STORED DATA:
▬▬▬▬▬▬
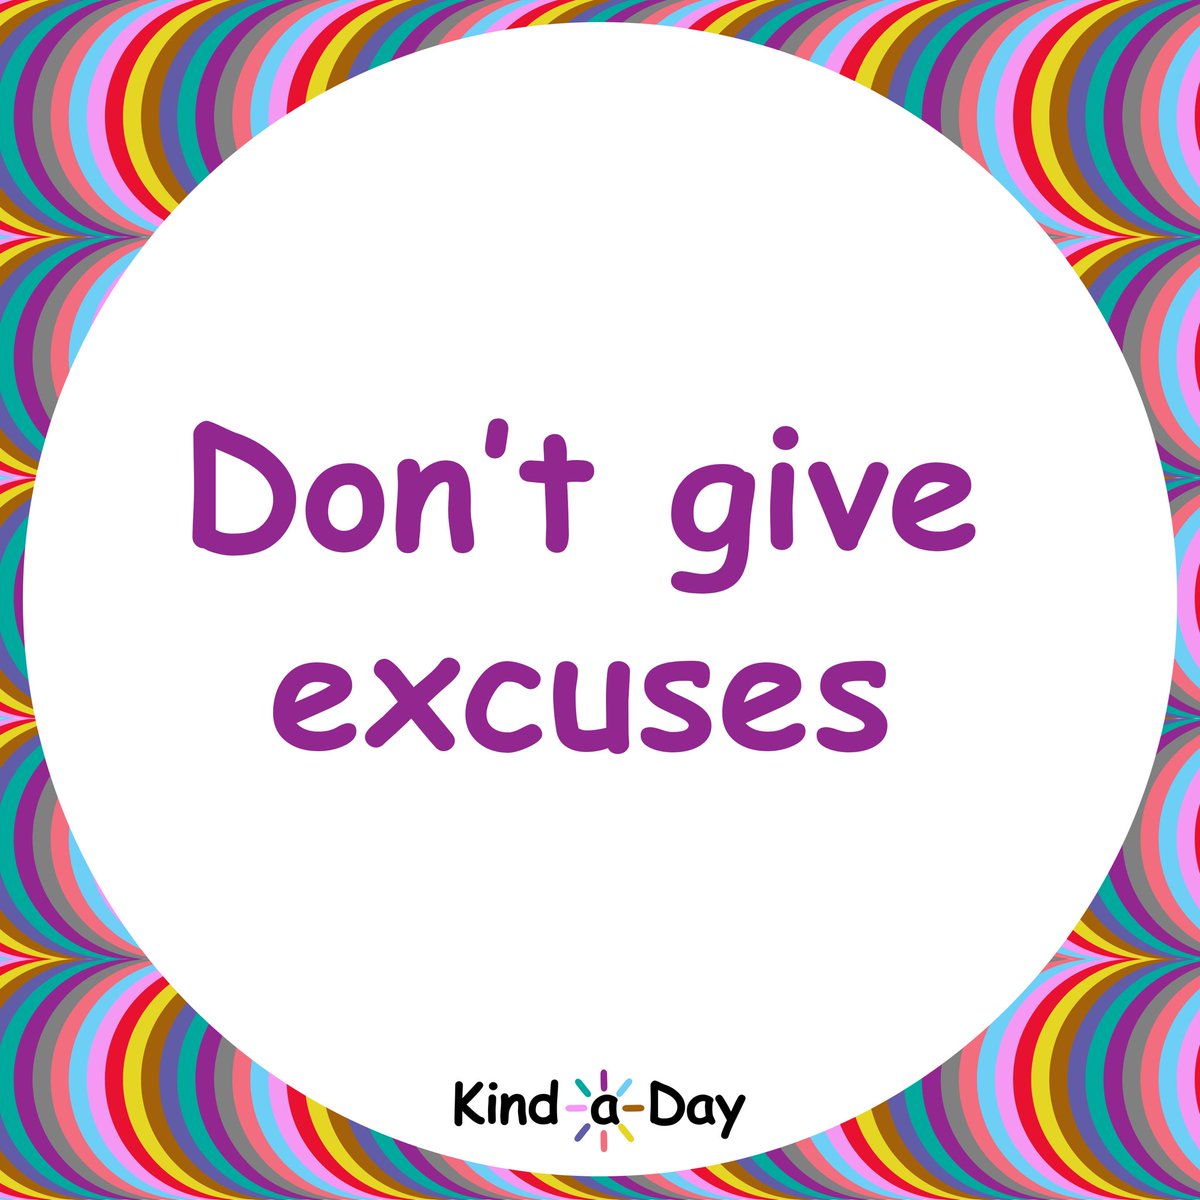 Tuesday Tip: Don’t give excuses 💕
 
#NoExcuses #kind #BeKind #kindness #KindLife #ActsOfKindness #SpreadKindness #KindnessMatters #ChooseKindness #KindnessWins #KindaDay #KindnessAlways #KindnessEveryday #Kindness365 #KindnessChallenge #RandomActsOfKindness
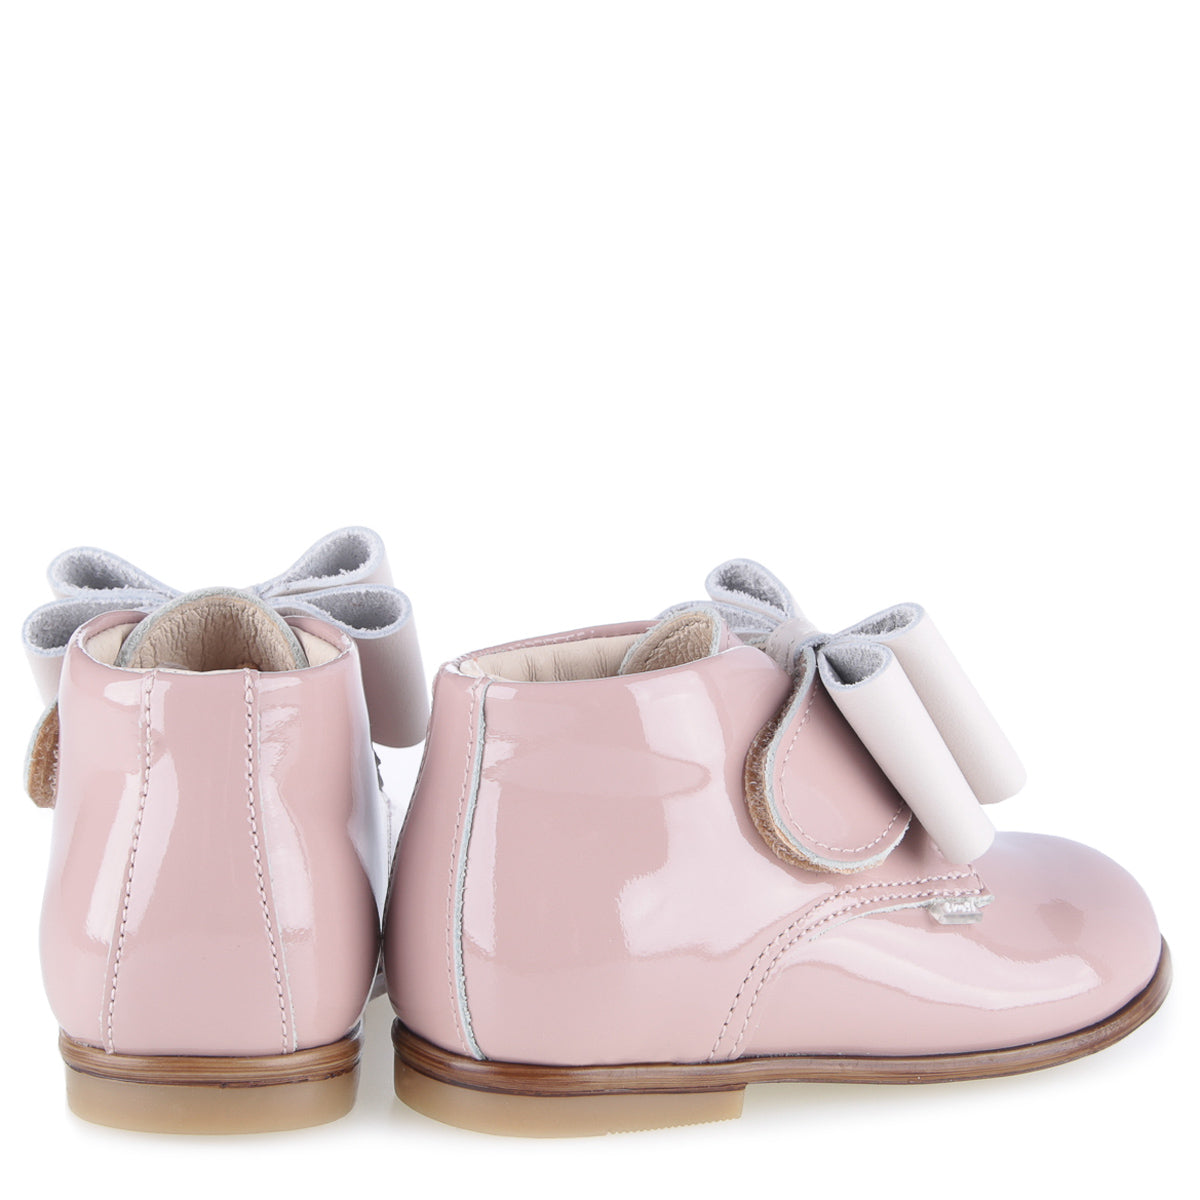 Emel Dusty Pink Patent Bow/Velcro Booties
▬▬▬▬▬▬
WORK INSTRUCTIONS:
Could you retype the whole listing word for word, minus its pictures?

ANSWER TO THE EXERCISE:
 Tuesday Tip: Don’t give excuses 💕
 
#NoExcuses #kind #BeKind #kindness #KindLife #ActsOfKindness #SpreadKindness #KindnessMatters #ChooseKindness #KindnessWins #KindaDay #KindnessAlways #KindnessEveryday #Kindness365 #KindnessChallenge #RandomActsOfKindness
 Emel Dusty Pink Patent Bow/Velcro Booties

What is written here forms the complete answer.